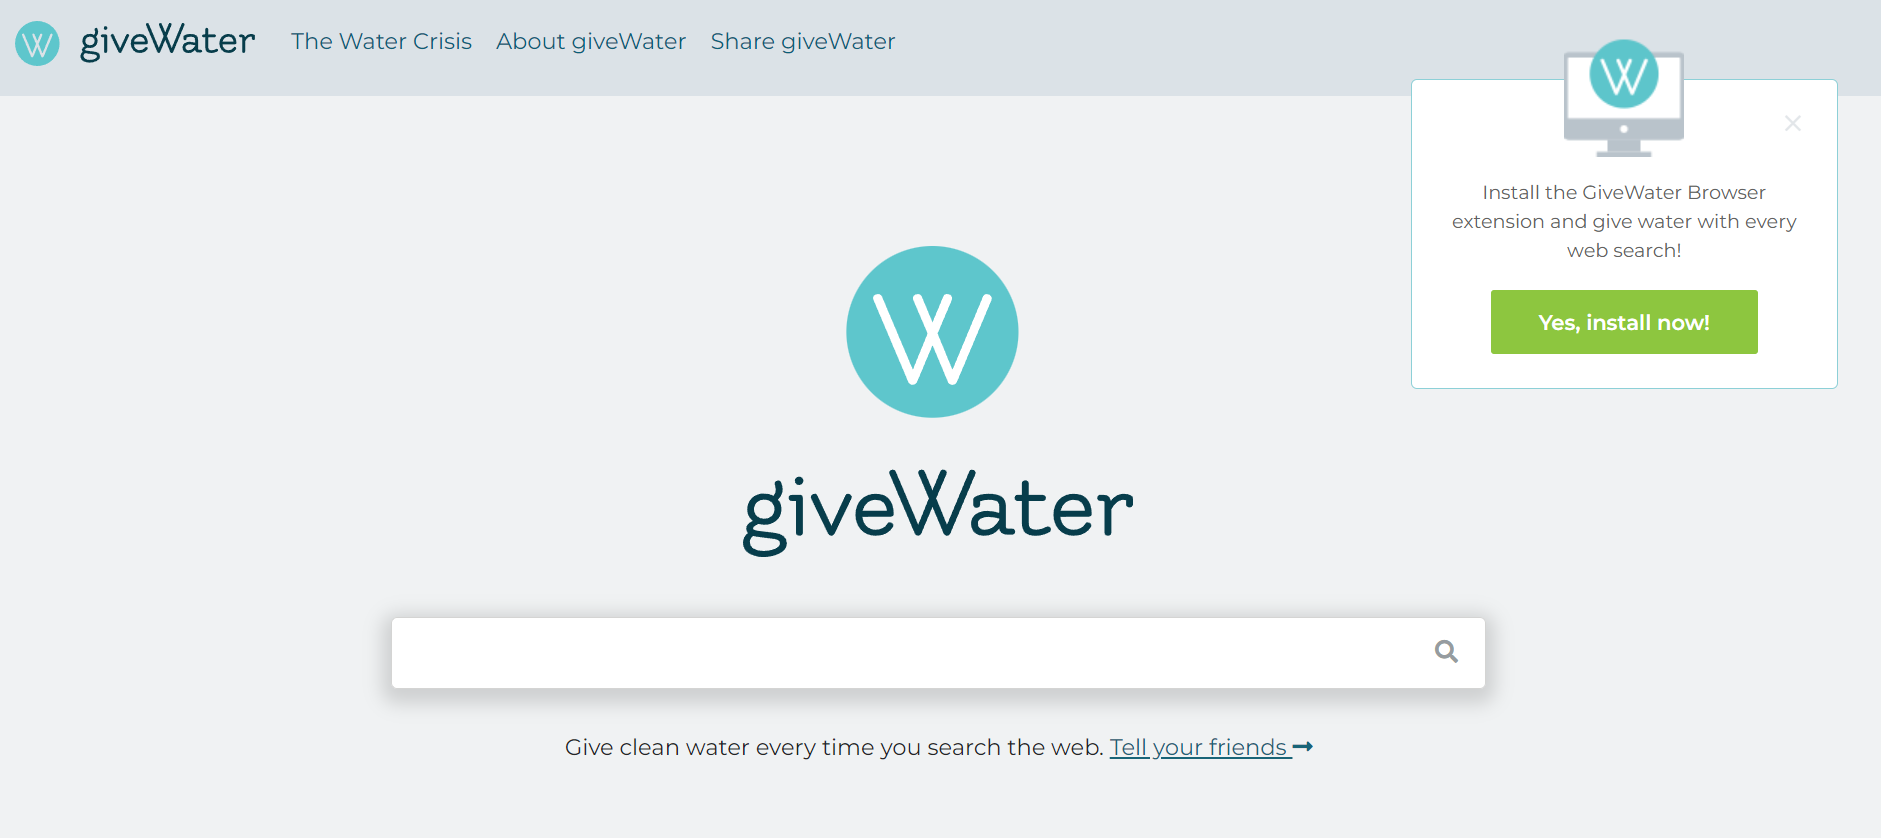 Buscadores aparte de Google: GiveWater
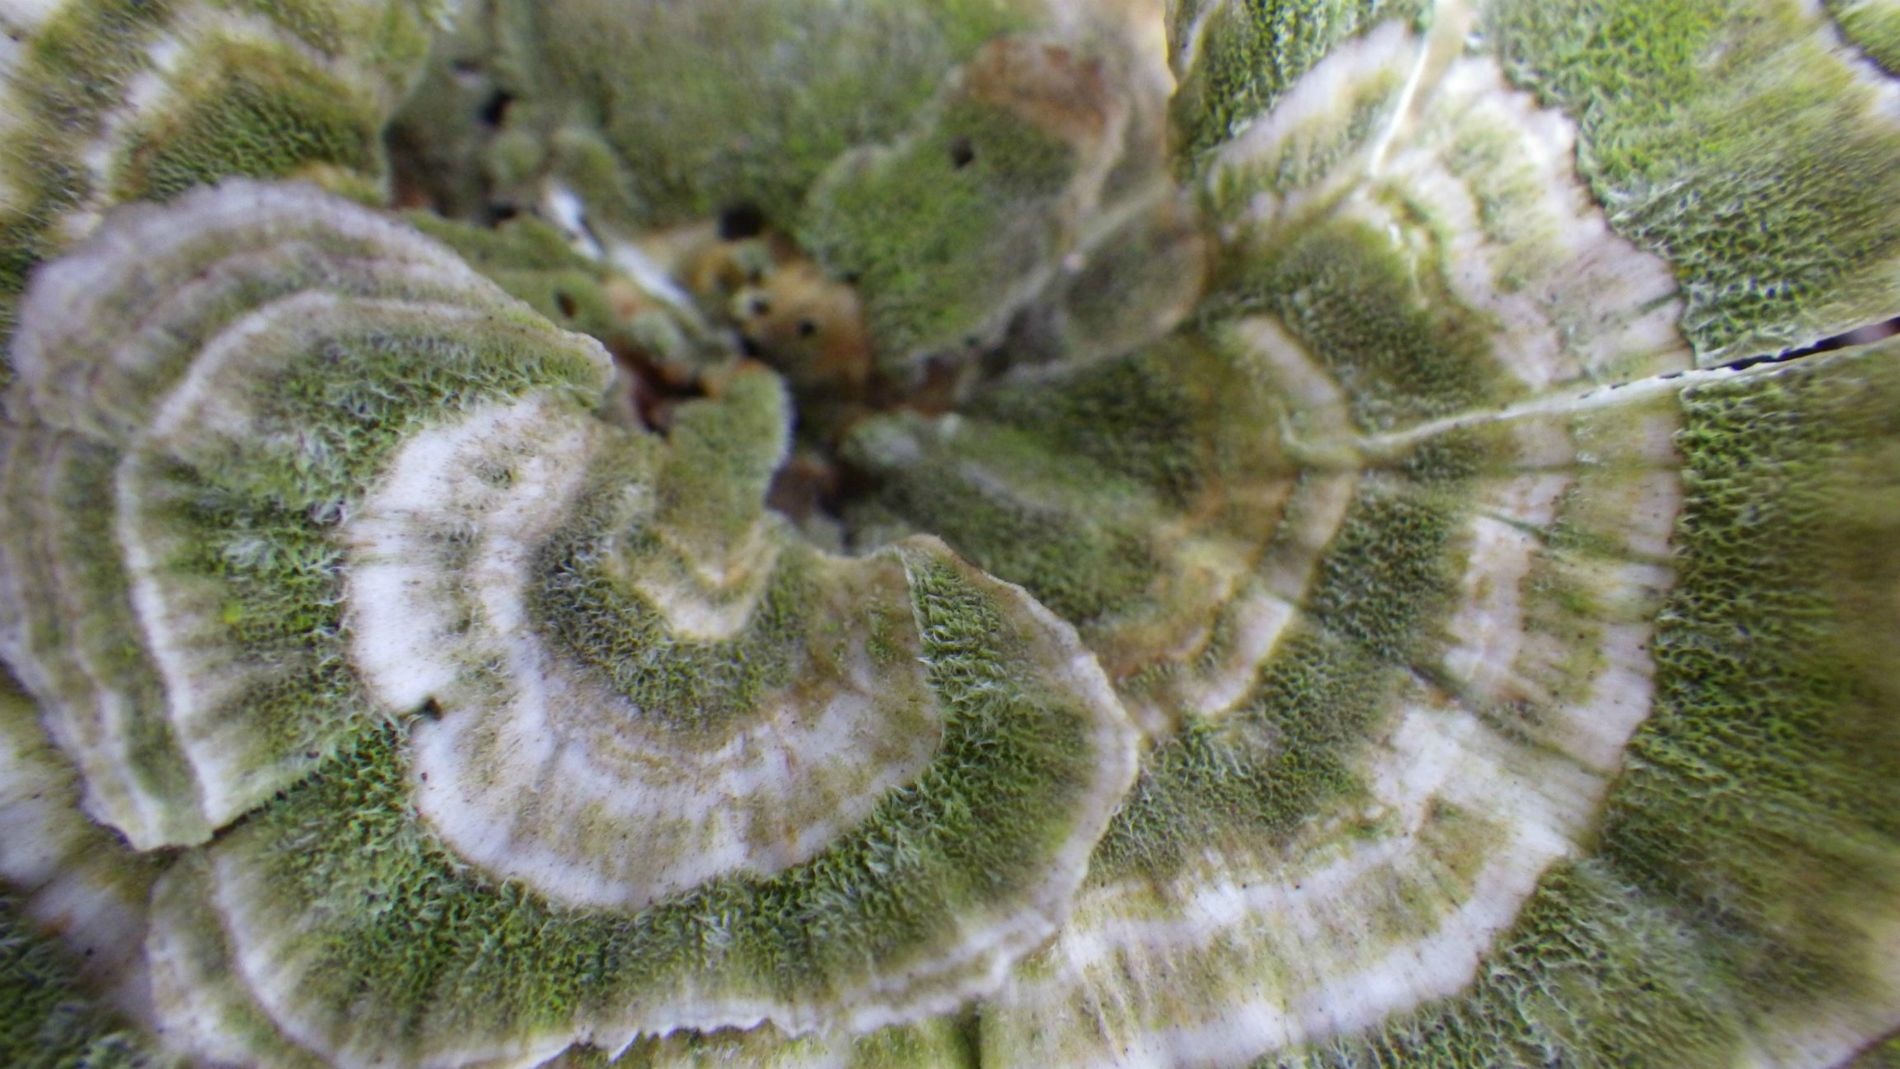 Green spirals.
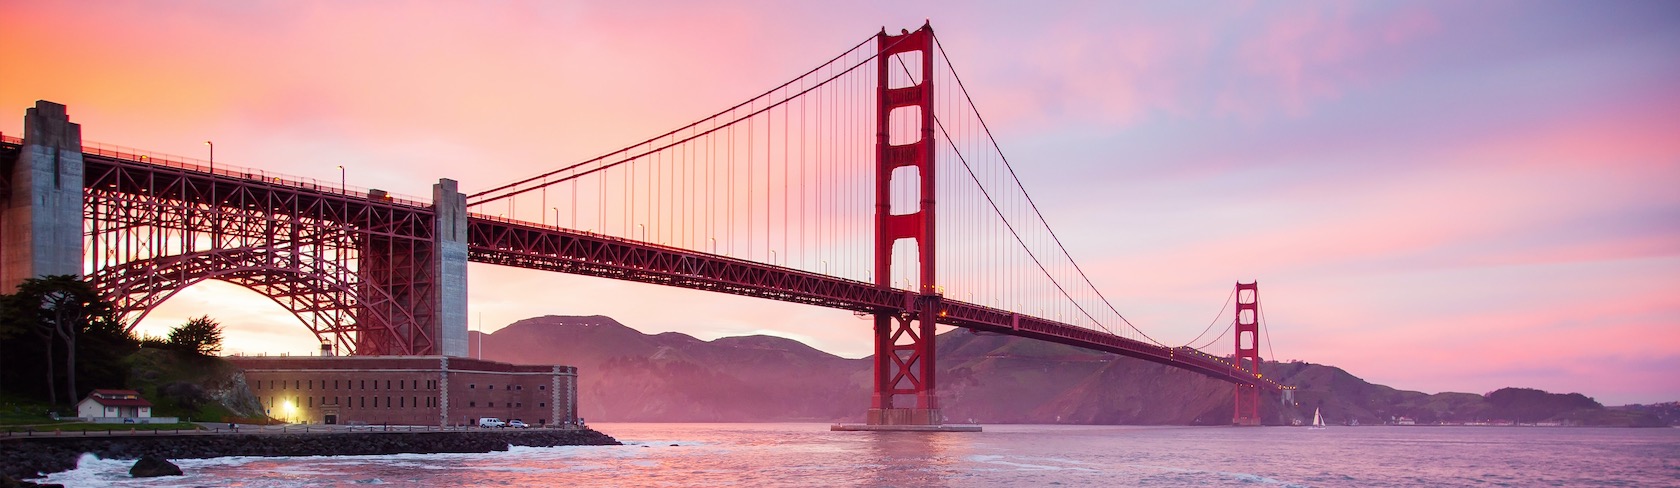 El puente Golden Gate de San Francisco al atardecer

• _WORK REQUIRED_:
Output the material above word for word. Leave out its images.

• _RESPONSE BOX_:
 Buscadores aparte de Google: GiveWater
 Green spirals.
 El puente Golden Gate de San Francisco al atardecer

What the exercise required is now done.